Please write out exactly the line containing "Gruppo Fabbri a Gulfood Manufacturing 2022" below and every line after it, through the last one, but leave out any pictures.

Source material:
* * * * * * *
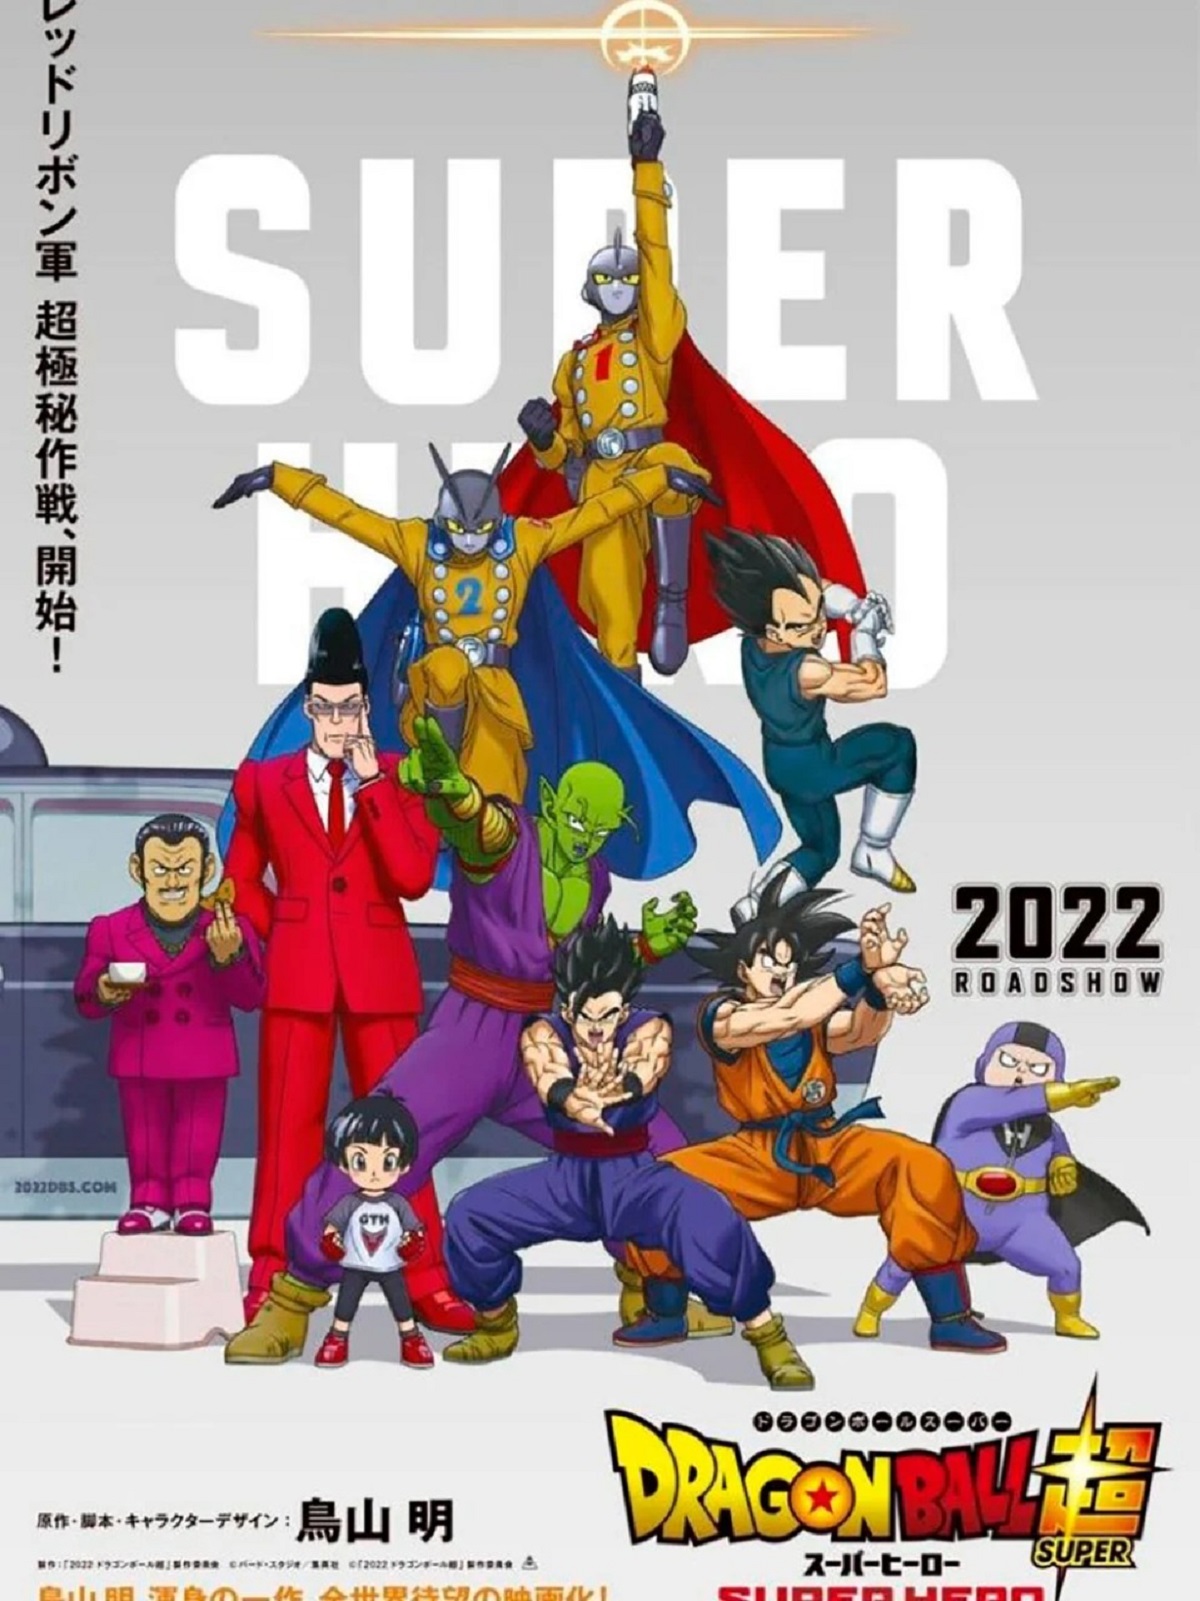 Nueva imagen promocional mostrando a los personajes que estarán presentes en la nueva película de Dragon Ball Super
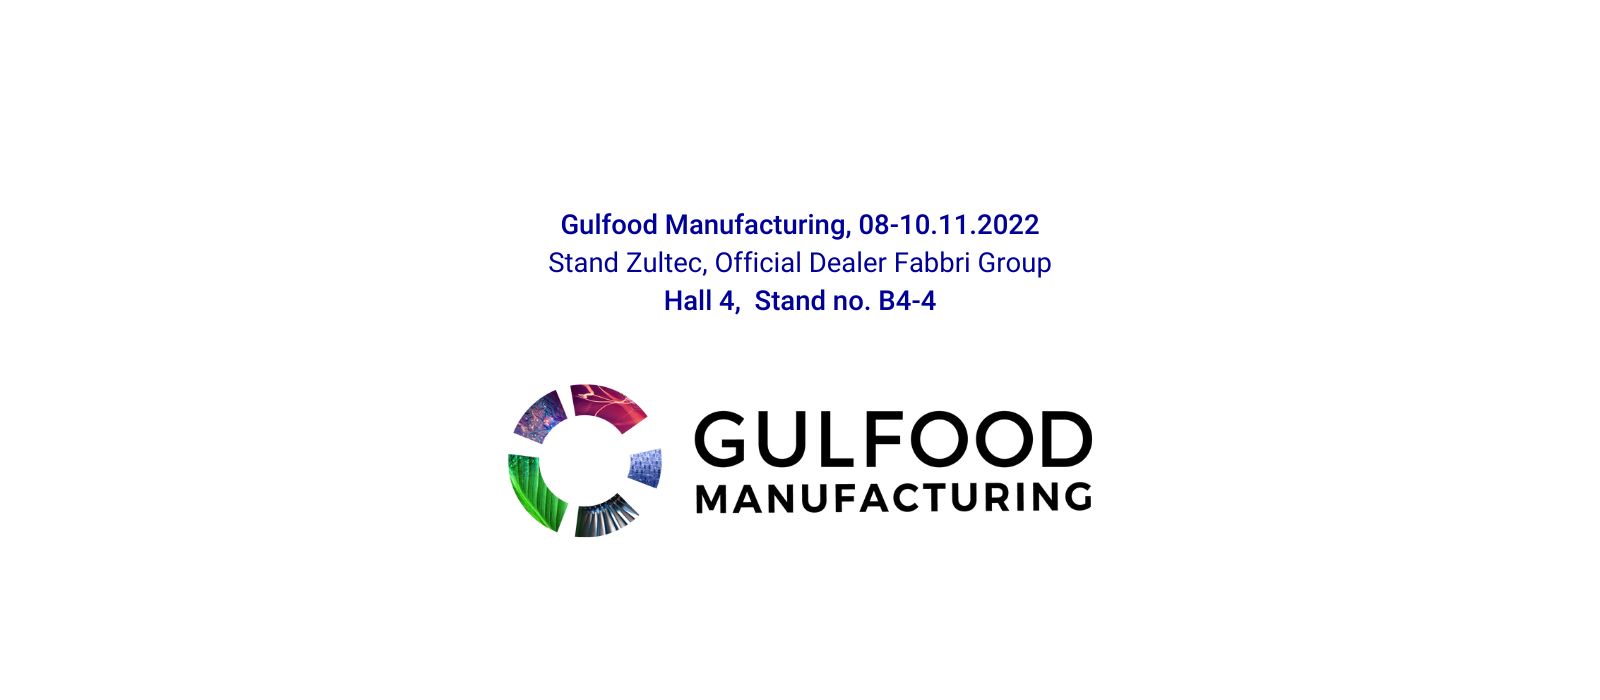 Gruppo Fabbri a Gulfood Manufacturing 2022
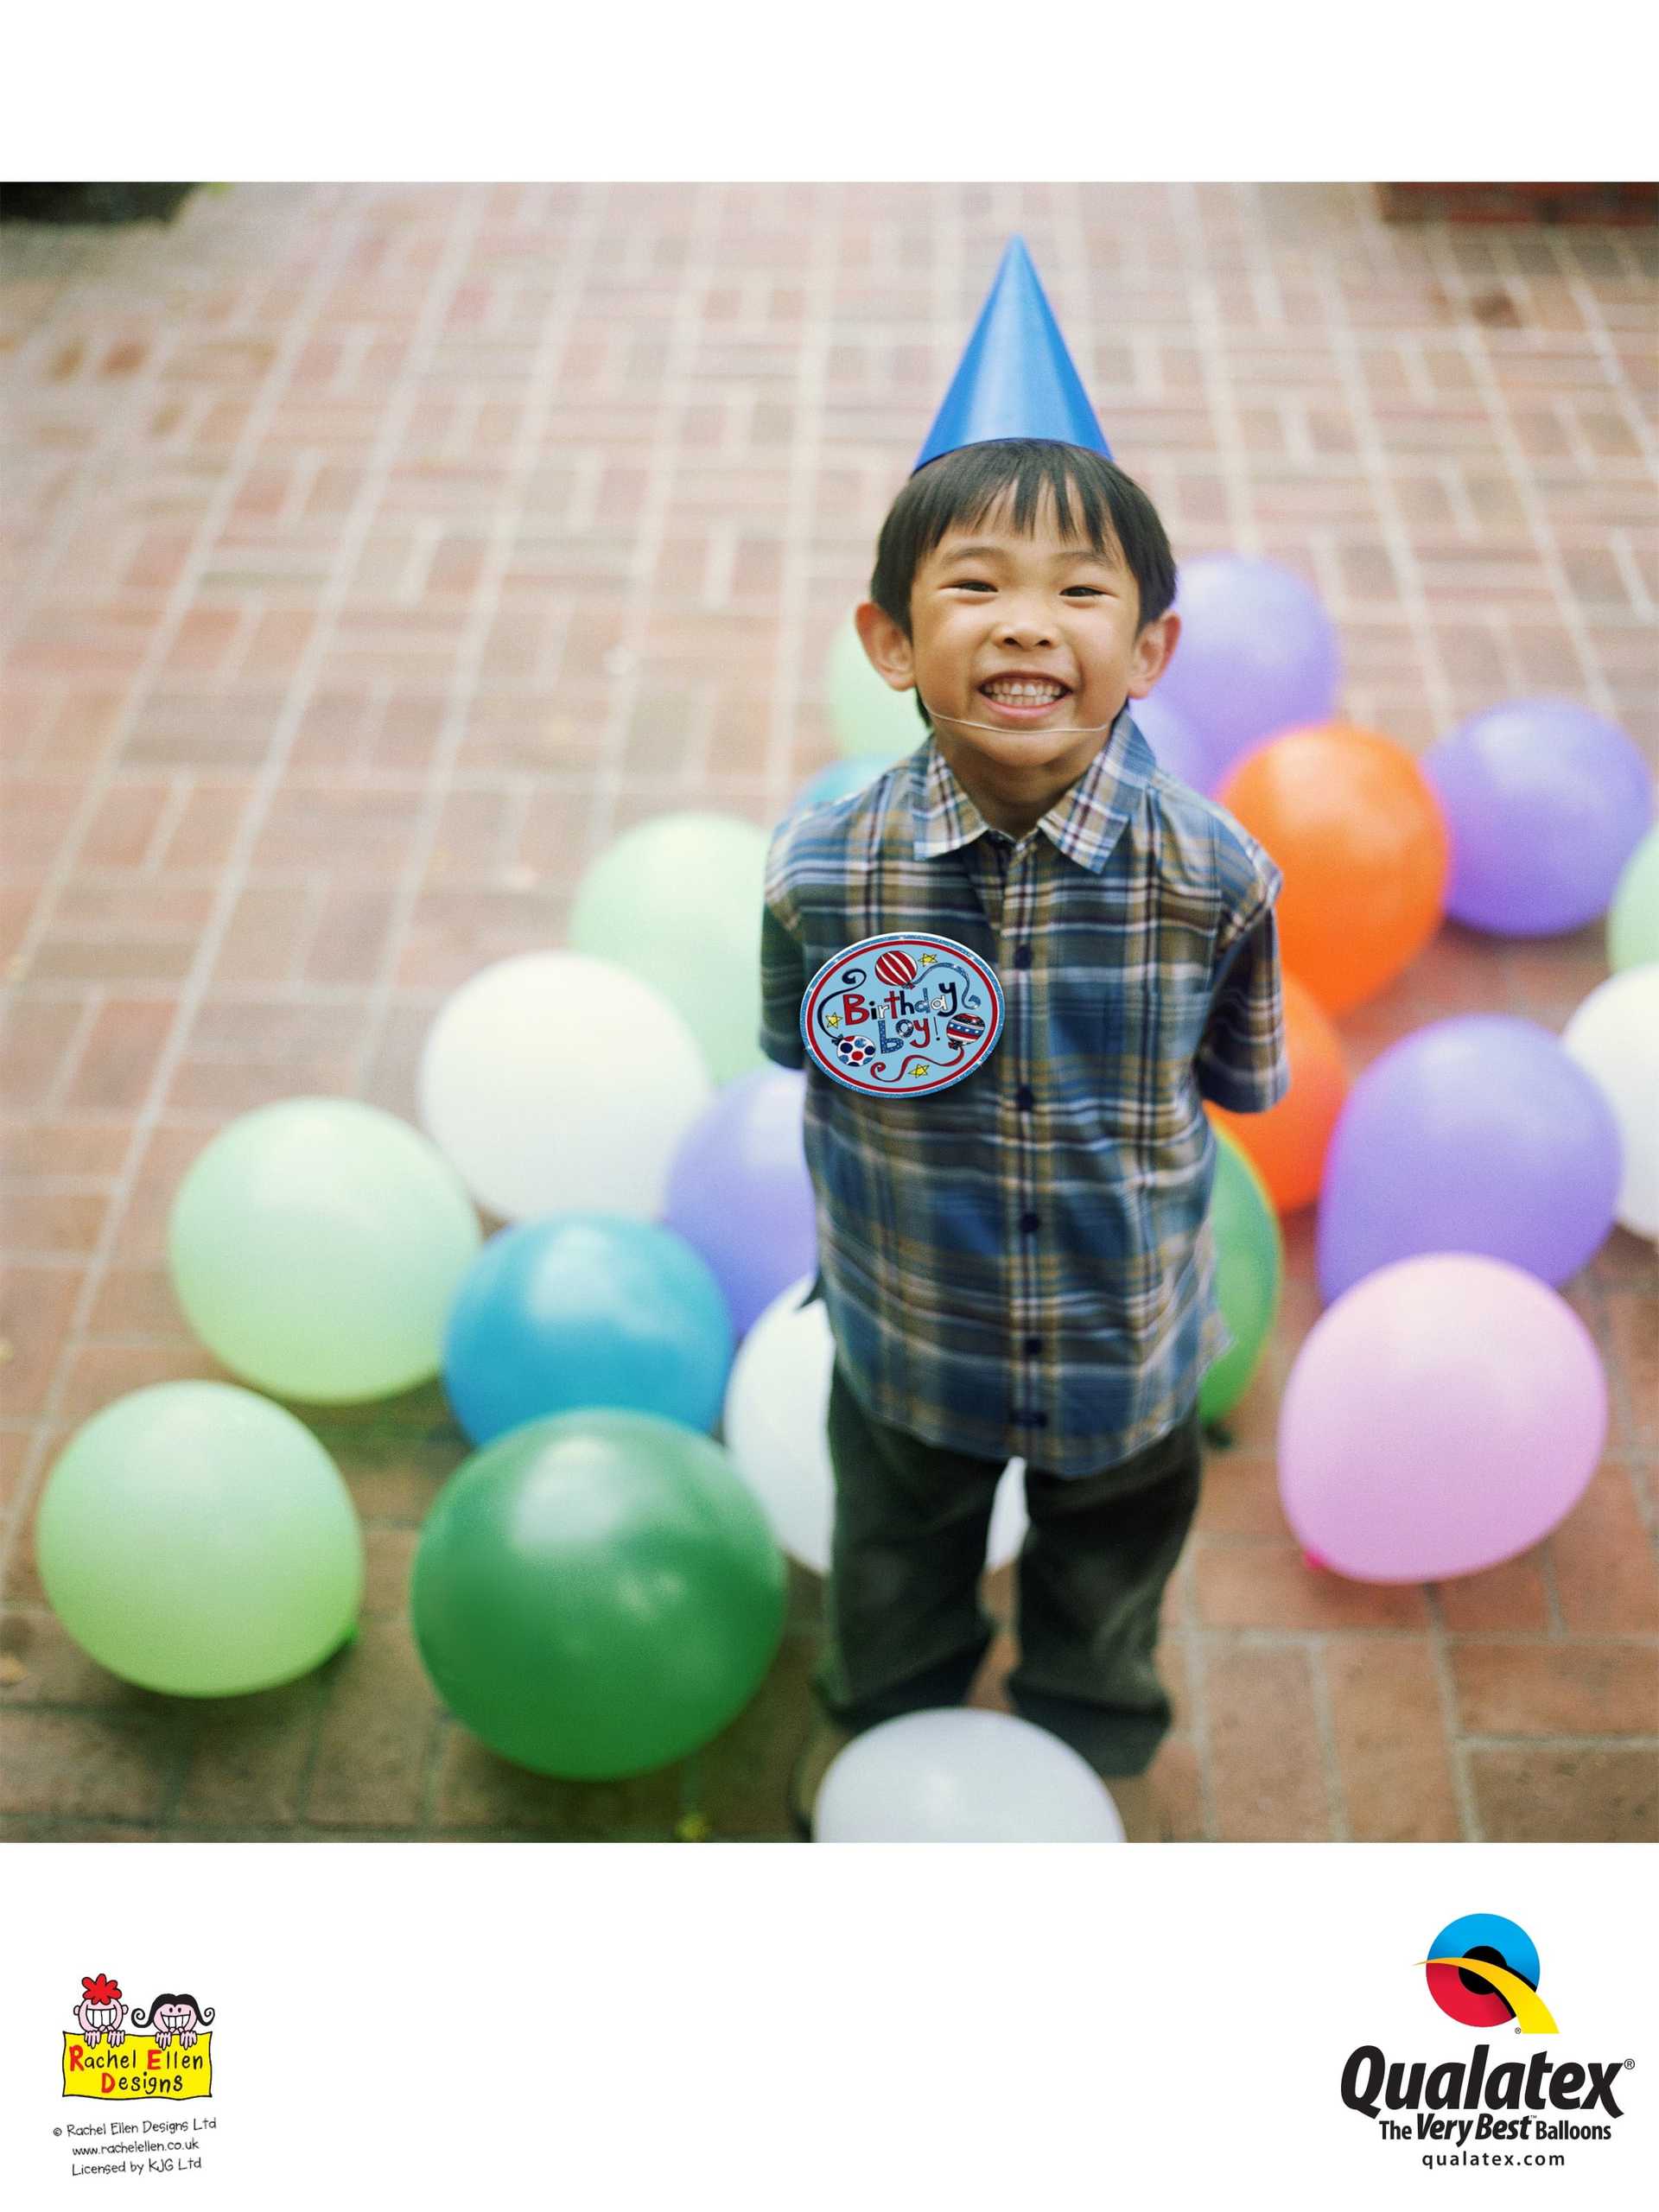 Ein kleiner Junge steht neben einigen Ballons.
* * * * * * *
Response box:
 Gruppo Fabbri a Gulfood Manufacturing 2022
 Ein kleiner Junge steht neben einigen Ballons.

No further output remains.